Остриё

— И вот мы здесь, — сказал Свифт, спрыгивая с подъёмника. Он совсем не походил на того, кого ожидаешь увидеть в шкуре инквизитора. Жизнерадостный человек, любитель похлопать по спине, обладатель румяных щёк и лёгкого смеха. В кабинете Джеспера в Остенгорме он казался чудаковатым, даже немного нелепым. Эти щёки были всё такими же румяными, а смех таким же лёгким здесь внизу в шахте, во тьме. Но в этой обстановке они почему-то тревожили больше, чем любые угрожающие взгляды.

Это была большая пещера. Возможно, естественная галерея. Несомненно, дальше вглубь потолок становился ниже, там, где туннели извивались в толще породы, словно щупальца. Он был настолько низким, что заключённым приходилось работать лёжа на боку.
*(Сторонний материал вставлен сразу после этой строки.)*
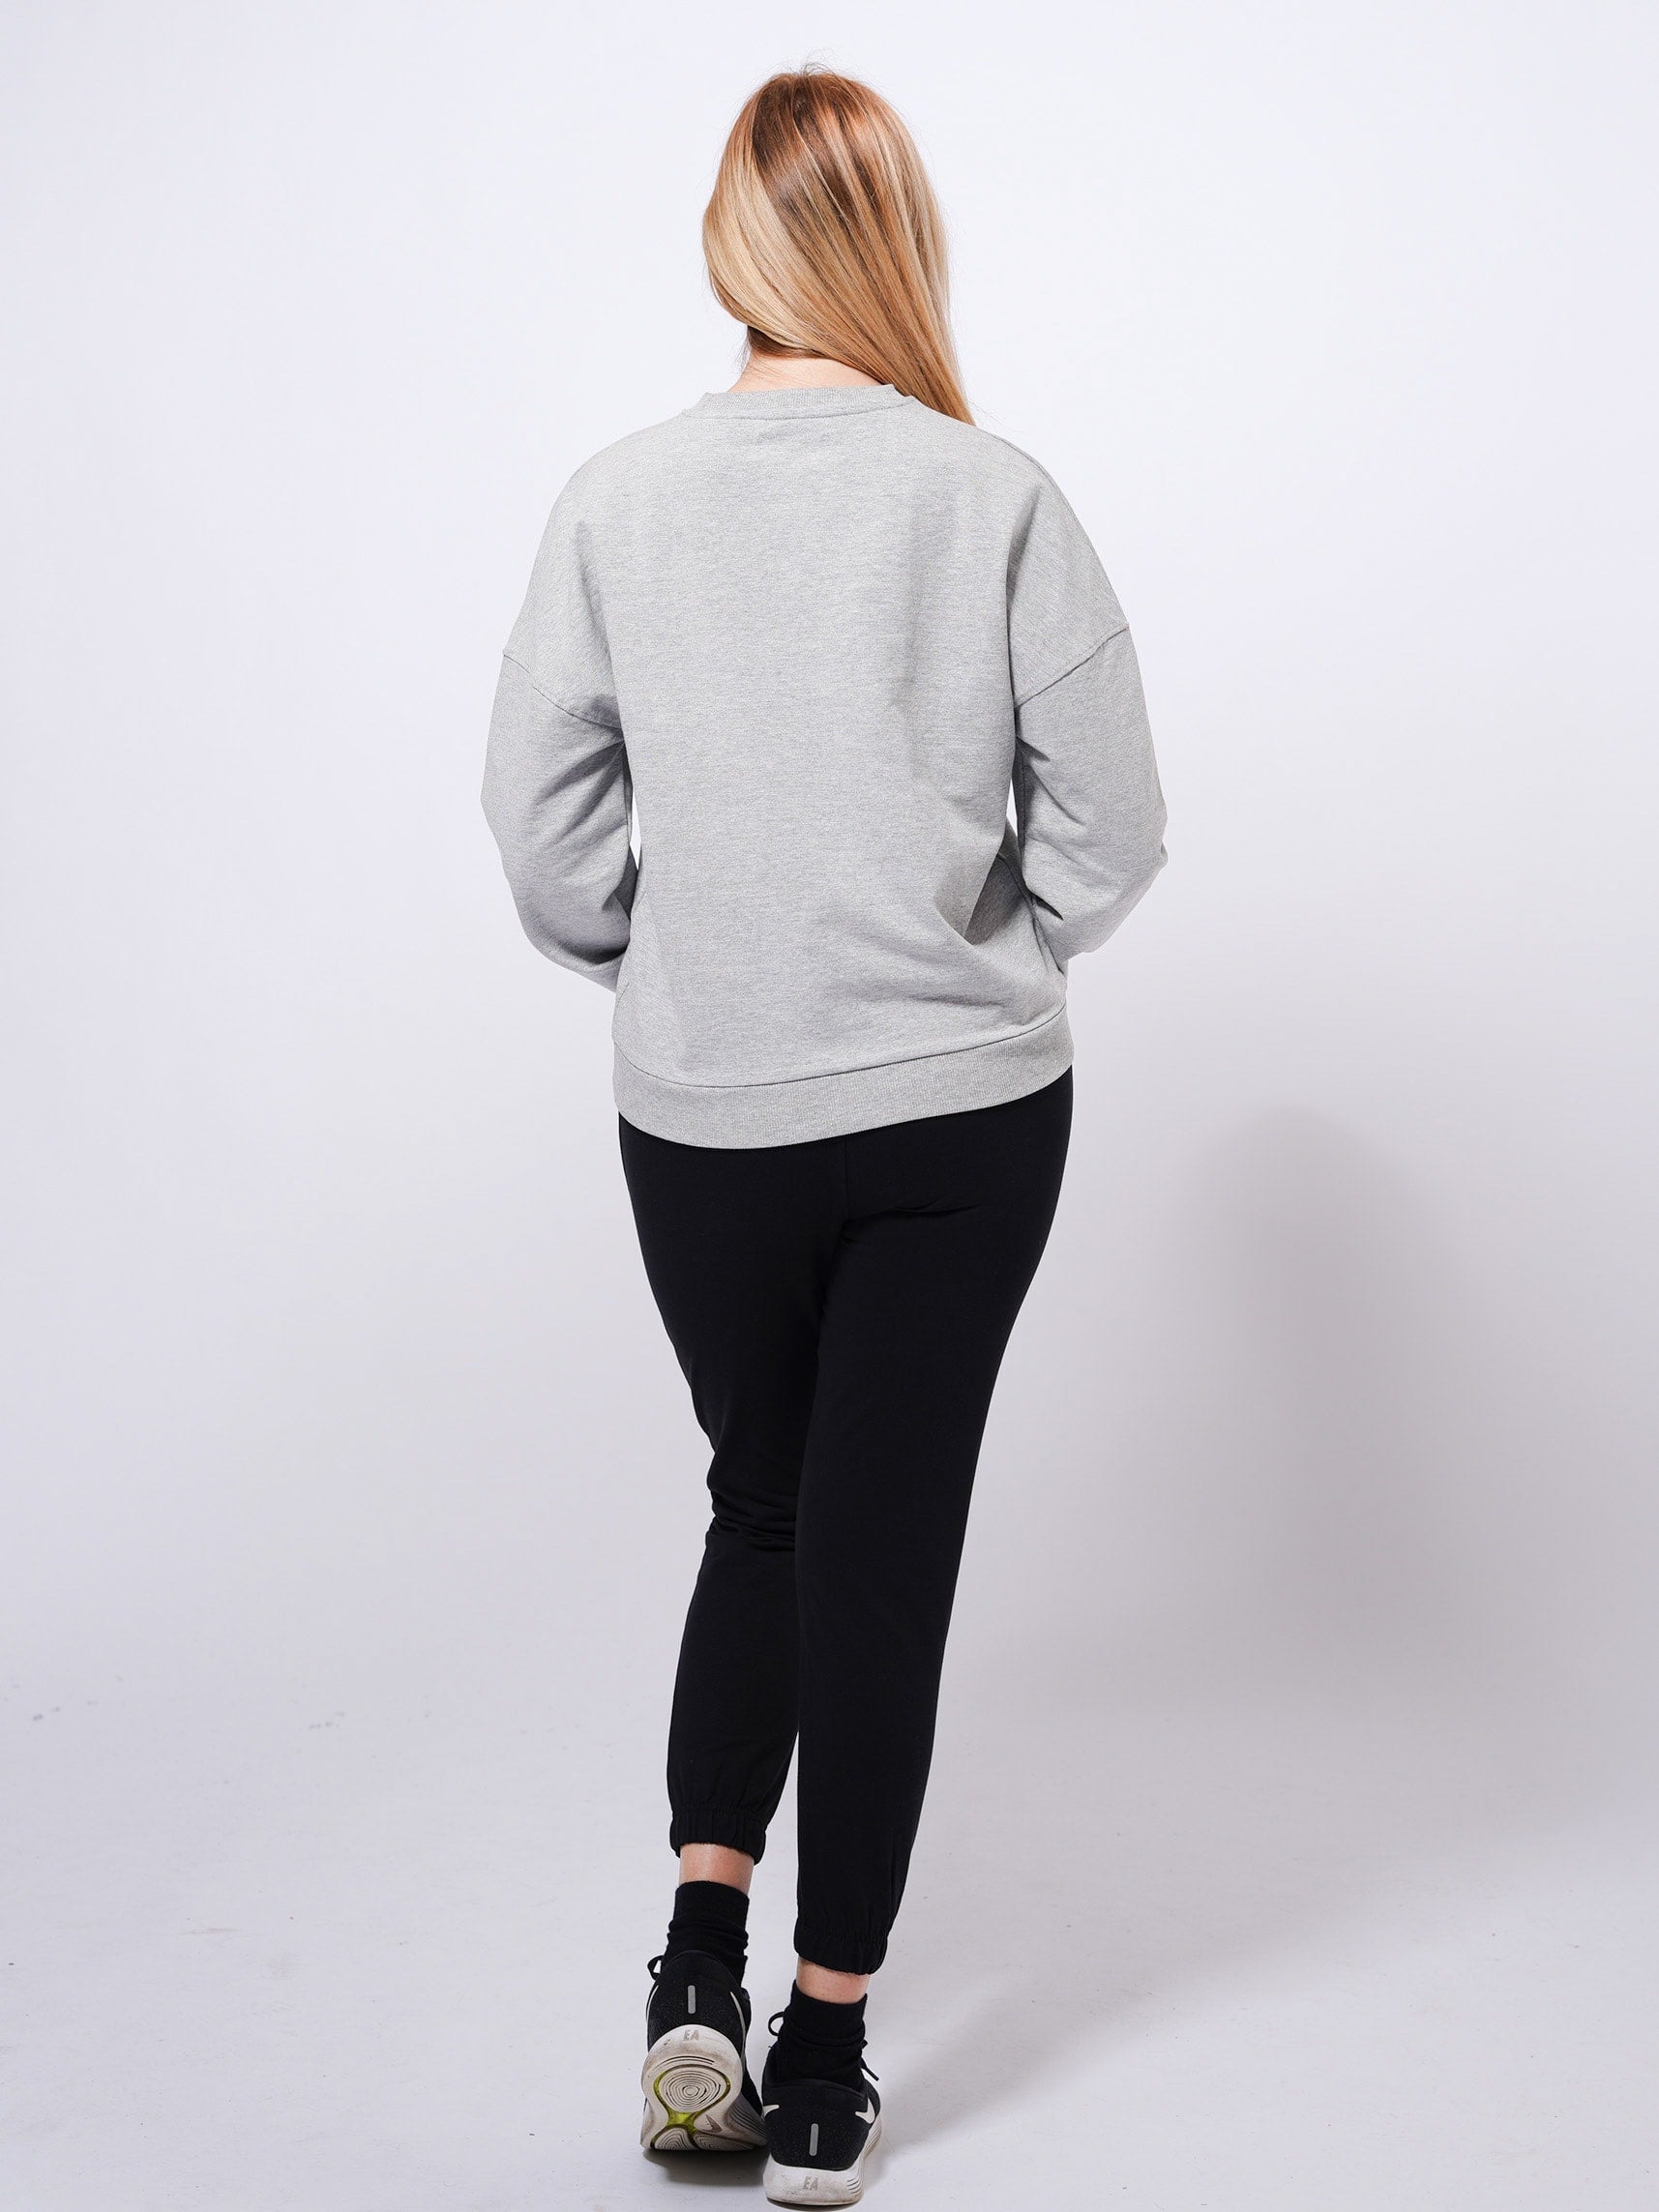 Women’s Hooded Sweatshirts in Grey Mélange Color - inteblu

Но здесь, у входа, он был настолько высоким, что терялся в гулкой темноте. Фонари были притушены до слабого мерцания — мера предосторожности против взрывоопасных газов, и место пахло как могила. Нет, куда хуже: как разрытая могила.

В этих редких лужицах света копошились люди. Если их можно было так назвать. Оборванные призраки мужчин, женщин и детей; истощённые, грязные, скрюченные, шатающиеся. Над ними стояли охранники. Практики в чёрных масках, с дубинками в кулаках. Большинство рабочих не поднимали глаз, погружённые в своё несчастье. Только одна женщина встретилась взглядом с Джеспером. Чёрные глаза, тускло поблёскивающие из-под спутанных волос, на лице настолько бледном и изможденном, что оно едва казалось живым. Что было в этом взгляде, который он едва мог выдержать? Джеспер видел бедность в трущобах Адуи и Вальбека, считал себя настоящим знатоком нищеты, но это было что-то иное.
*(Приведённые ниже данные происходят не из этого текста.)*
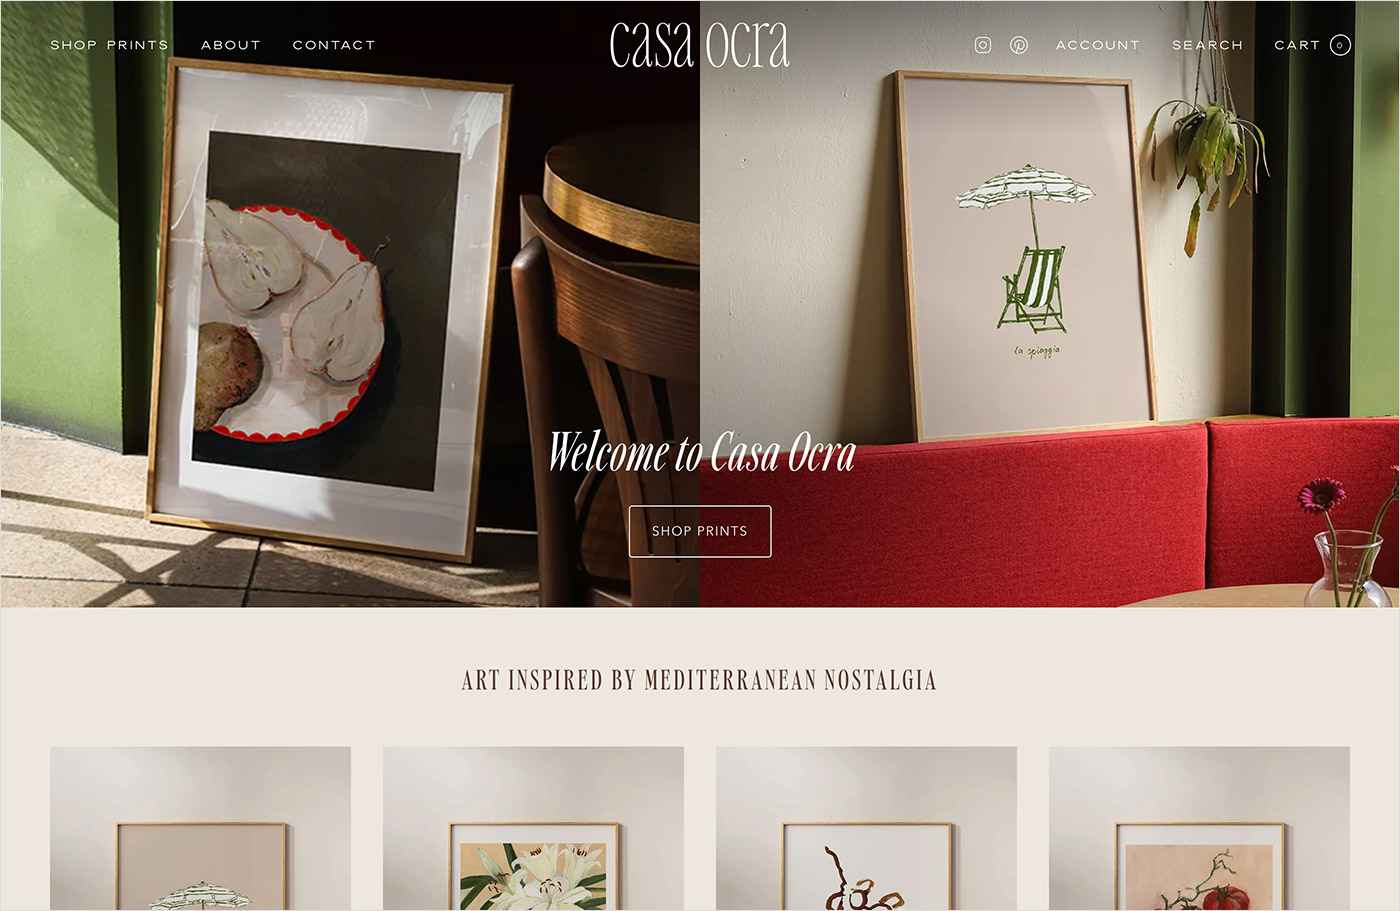 Casa Ocraウェブサイトの画面キャプチャ画像

Было удивительно тихо. Никаких разухабистых рабочих песен, как те, что Джеспер слышал в других железных рудниках Инглии, где рабочие были — по крайней мере, теоретически — вольны уйти. Дребезжащий грохот вагонеток. Звон и лязг загружаемой и разгружаемой руды. Где-то слышен плеск падающей воды. Чьё-то хриплое, с присвистом дыхание. Тишина изнеможения. Или ужаса. А может быть, сосланные в этот ледяной ад, они потеряли способность говорить. Превратились в скрюченных, роющихся в земле животных. Стали машинами для добычи руды, которые по какой-то случайности сотворили из плоти.

Инквизитор Свифт улыбнулся, обводя рукой большую подземную камеру с жестом театрального импресарио.

— Что скажете?

Джеспер едва ли знал, что ответить. Его сестра Тильда часто упрекала его в болтливости, но слова, казалось, на мгновение изменили ему. Он толком и не понимал, чего ожидал. Возможно, чего-то подобного, если бы задумался об этом. Но ничто не могло подготовить его к тому, чтобы увидеть это... увидеть их.

— Впечатляет, — сумел пробормотать он.

— Вот продукт. — Инквизитор Свифт поднял кусок руды из кучи рядом с подъёмником и бросил его. Джеспер едва нашёл в себе присутствие духа, чтобы поймать его. — Приемлемое качество. В последнее время становится даже лучше. Думаю, мы напали на хорошую жилу, дальше в глубине. — Дальше в глубине. В этот гребённый ад. Где потолки становятся ниже, потом ещё ниже. От самой мысли Джеспера затошнило. — Мы выдаём около двадцати тонн в хороший день, но если нужно больше, можем запустить ночные смены. В рабочей силе недостатка нет.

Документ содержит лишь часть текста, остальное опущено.